Mr Plewman said that the additional defendants are conflating those two stages and basically want to try the allegations that would only normally be tried after the judgment has been set aside. However, the additional defendants say that materiality cannot be properly assessed without reference to the findings of fraud that are seeking to be overturned in the set aside claim. It is necessary, as demonstrated in the Tinkler case that Mr Adam referred me to, where Mr Justice Leech went through all the allegations with care, to test whether the new evidence established materiality or not. That exercise was also made clear by Lord Justice Aikens in the RBS case at paragraph 106.
The additional defendants are entitled to do that, to test materiality by reference to, for instance, the documents that the deputy judge relied upon and whether the findings based on those documents would have been different in the light of the new evidence.
Furthermore, and in any event, because of the existing hacking claim being tried together, the allegations are relevant to the defences to the hacking claim, including whether Mr Azima comes to the court with clean hands.
In my view, the allegations are too intertwined with the issues that will need to be decided at the trial, both on the set aside claim and the hacking claim. I can see that materiality requires the court to examine the findings that were made by the deputy judge and whether they would have been different with the new evidence now available. It is a difficult dividing line between how far one needs to go in assessing the evidence otherwise available to the deputy judge, such that the new evidence would not have affected it. I therefore think it is much safer to try all the allegations in the pleadings that go to this issue at the same time.

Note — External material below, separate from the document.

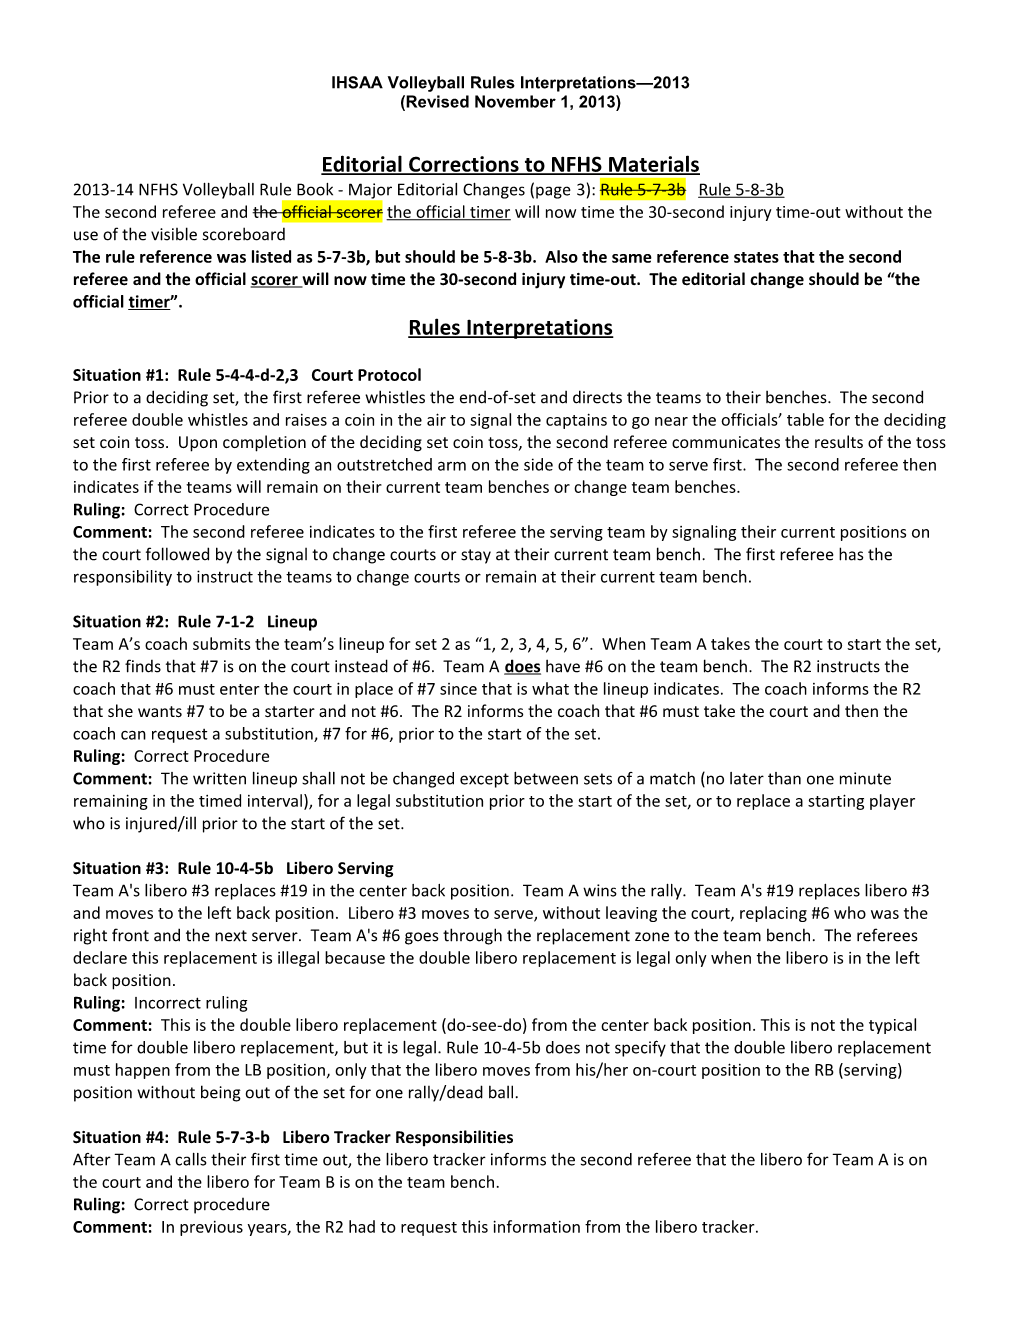 IHSAA Volleyball Rules Interpretations 2011

It is of course open to Mr Azima to apply to strike out the allegations on the grounds of irrelevance and that is something that has been threatened. But Mr Plewman tells me there is a problem in relation to the precise extent of US law which will affect a decision to make such an application. But while the allegations therefore remain on the pleadings, it seems to me that the best and obvious course is for them to be tried together.
It is mainly the practical considerations and the efficient case management and use of court resources that have persuaded me that there should be no split trial. As Mr Plewman conceded, there are potentially serious difficulties with intervening appeals and there will be duplication of witnesses, all of which will be avoided if it is all heard in one go.
I see no great advantage in hiving off the schedule 1 issues to another trial and as I believe it can be adequately accommodated within the existing trial, and I am prepared, as I have already indicated, to direct that there can be an extension to the start of the trial window at the beginning by one week, and knowing how extremely well-resourced and sophisticated the legal teams involved in this case are, that the inevitable complexity about managing the issues at trial can be worked out in a sensible and practical way.
I do also take into account Mr Pilbrow's point about the extra strain on individual defendants if this matter is dragged out unnecessarily for many more years.
I am therefore going to dismiss Mr Azima's application for a split trial.